Some thoughts on Heinz 2015 book chapters, parts 6-9

Continuing on from last time, where we read up through the discussion about constraints on strings, Heinz’s 2015 book chapter now gets into the constraints on maps between the underlying form and the observable form of a phonological string. As before, I found the more leisurely walk-through of the different ideas (complete with illustrative figures) quite accessible. The only gap in that respect for me as a non-phonologist was what an opaque map was, since Heinz mentions that opaque maps raise potential issues for the computational approach here. A quick googling pulled up some examples, but a brief concrete example would have been helpful.

On a more a contentful note, I found the compare and contrast with the optimality approach quite interesting. We have this great setup for some logically possible maps that are derivationally simple (e.g. “Sour Grapes”), and yet we find these maps unattested. Optimality has to add stuff in to take care of it, while the computational ontology Heinz presents neatly separates them out. Boom. Simple. 

So then this leads me (as an acquisition person) to wondering what we can do with this learning-wise. Let’s say we have the set of phonological maps that occur in human language captured by a certain type of relationship (input-strictly local [ISL]) — there are some exceptions currently, but let’s say those get sorted out. Then, we also have some computational learnability results about how to learn these types of maps in the limit. Can I, as an acquisition modeler, then do something with those algorithms? Or do I need to develop other algorithms based off of those that do the same thing, only in plausible time limits? 

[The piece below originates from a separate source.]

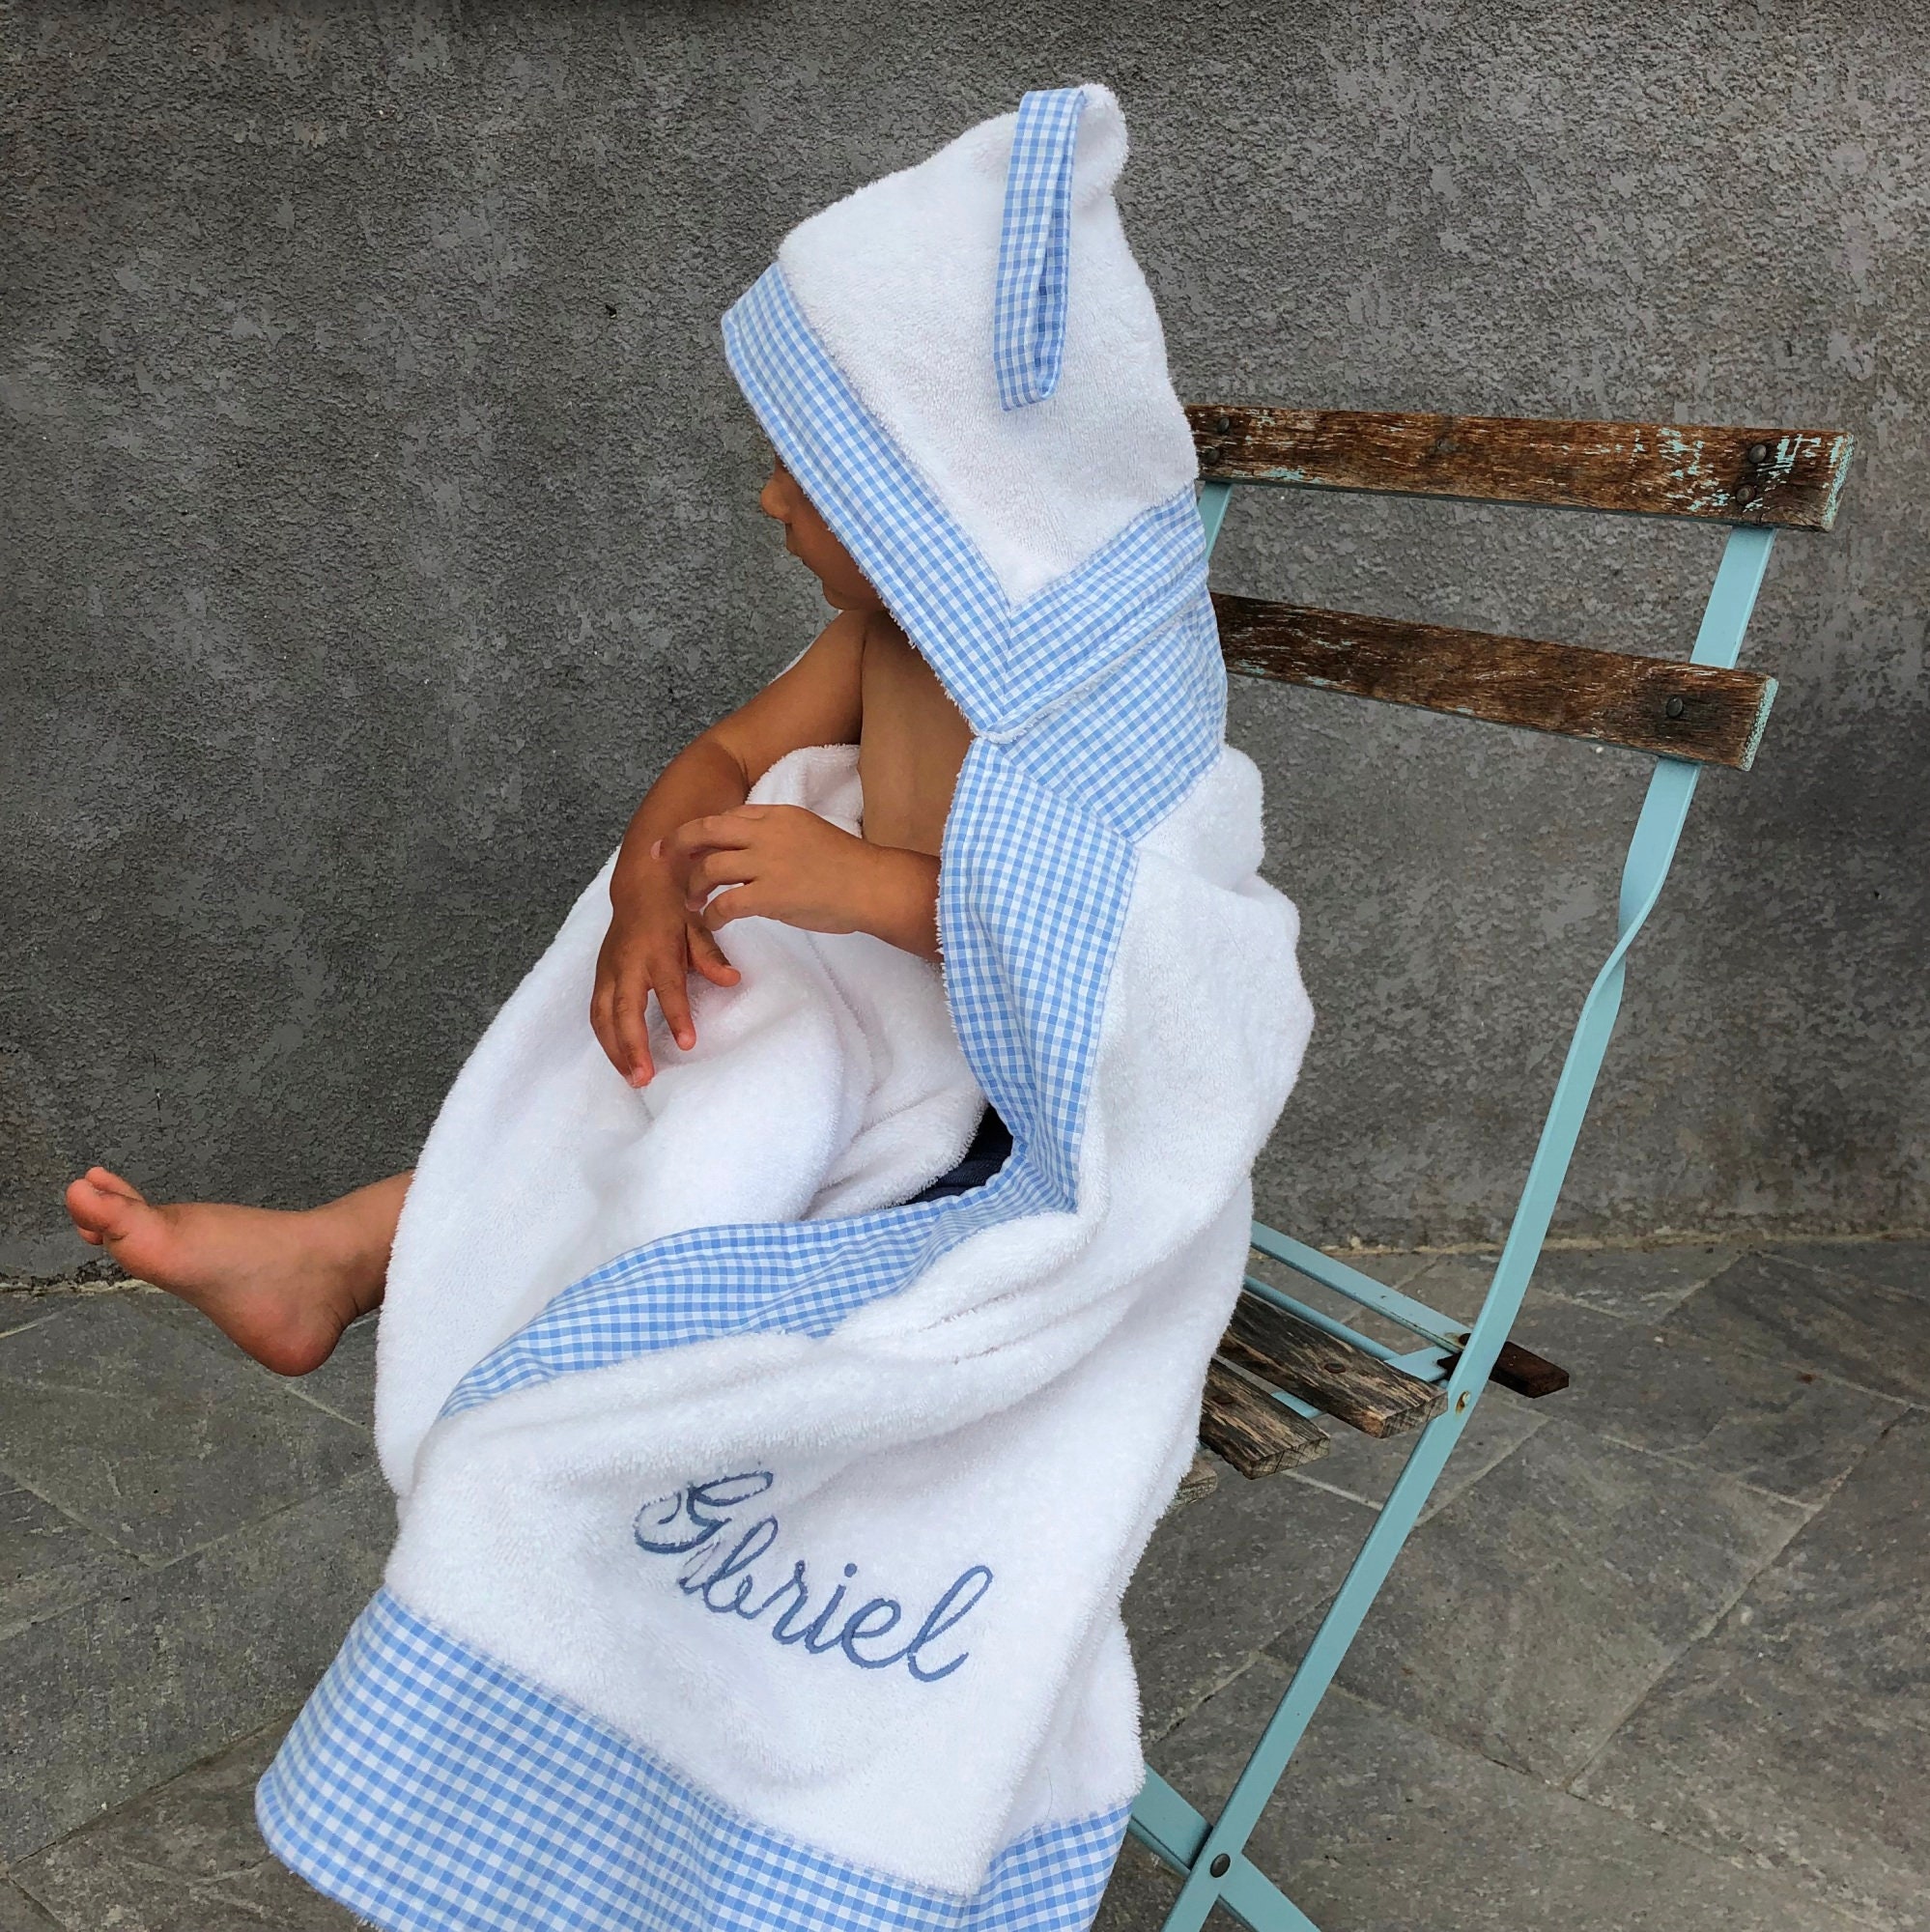 CRAB and Personalised Name Embroidered onto Towels Bath Robes Hooded Towel

And let’s make this even more concrete, actually — suppose there are a set of maps capturing English phonology that we think children learn by a certain age. Suppose that we do the kind of analysis Heinz suggests and discover all these maps are ISL. What kind of learning algorithms should I model to see if children could learn the right maps from English child-directed data? Are the existing learnability algorithms the ones? Or do I need to adapt them somehow? Or is it more that they serve to show it’s possible, but they may bear no resemblance to the algorithms kids would actually have to use? Given Heinz’s comment at the end of part 5 about the link between algorithm and representation, I feel like the existing algorithms should be related to the ones kids approximate if that kind of link is there.

A few other thoughts: 

(1) Heinz points out the interesting dichotomy between tone maps and segment maps, where the tone maps allow more complex relationships. He mentions that this has been used to argue for modularity (where tones are in one module and segments are in the other, presumably), and that could very well be. What it also shows is that there isn’t just one restriction on the complexity in general — a more restrictive one occurs for segment maps but a less restrictive one occurs for tone maps. Why? Two thoughts: (1) Maybe the less restrictive one is the general abstract restriction, and something special happens for segments that further restricts it. This fits into the modularity explanation above. But (2) maybe it’s just chance that we haven’t found segment maps that violate the more restrictive restriction. If so, we wouldn’t need the modularity explanation since the difference between segment maps and tonal maps would just be, in effect, a sampling error (more samples if we had them would show segment maps that don’t follow that extra restriction). Caveat: I’m not sure how plausible this second idea is, given how many segment maps we have access to.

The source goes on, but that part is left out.